Digiday Research: Publishers’ online stores lack personalization

This research is based on unique data collected from our proprietary audience of publisher, agency, brand and tech insiders. It’s available to Digiday+ members. More from the series →

Publishers are increasingly turning to commerce as an additional revenue stream beyond advertising and charging for their content. But as they ramp up those efforts, many are yet to implement some key tactics that are now table stakes for e-Commerce companies.

One such area is personalization. Publishers are growing increasingly comfortable with the idea of personalizing their websites and content after a period of uncertainty. Fifty-six percent of publishers in a previous Digiday survey said personalizing their content to readers’ interests was a high priority.

But beyond content, many publishers have yet to bring behavioral personalization to their online stores as well, according Digiday research. At the Digiday Hot Topic: Commerce event in May of this year, only 32 percent of the 53 publisher executives whose companies operated online stores said they personalized those stores based on consumer behavior. 

Offering personalized experiences in online stores can help boost commerce revenues. A 2017 report from the Boston Consulting Group found that retailers who personalized stores saw a 6 percent to 10 percent increase in revenue. But beyond increasing revenues, such personalization can also help build stronger direct connections with consumers and increase customer loyalty.

Earlier research from Digiday found that less than half of publishers monetize their audiences with commerce, and for those that do the majority of their revenue comes indirectly via affiliate commissions. As many look to expand beyond affiliate links into their own e-commerce stores, tactics such as personalization could be key to maximizing revenues.

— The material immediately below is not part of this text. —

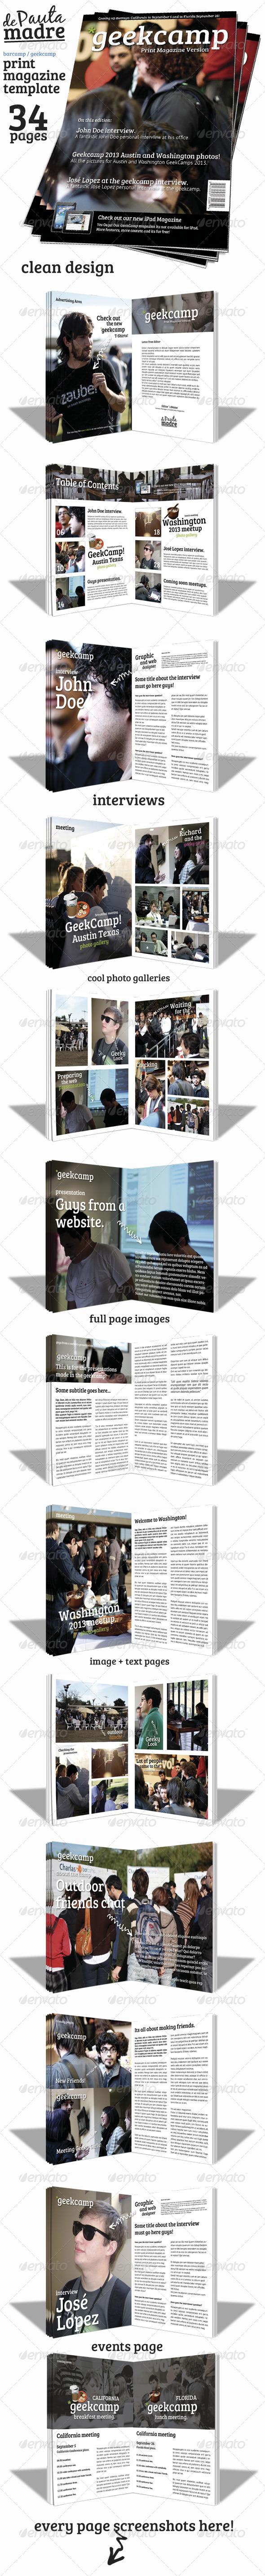 Barcamp-Geekcamp Magazine Template - Magazines Print Templates

Publishers might choose to personalize their stores by promoting items related to pages that readers recently visited. Or by highlighting products that are most likely to appeal to users based on data such as gender, age, location and other demographic data.

The challenge, however, is that publishers can be limited by the type of data they can utilize to offer a personalized experience. Nearly six in ten publishers said they could only personalize their content based on their page’s context, not users’ behaviors or attributes.

For European publishers, the General Data Protection Regulation might make personalizing online stores all the more difficult because consumers would have to explicitly opt-in to sharing their data for that purpose. Publishers should also cut themselves some slack when it comes to personalization of online stores. Only 15 percent of companies actually personalize their online stores at a high level according to the BCG report.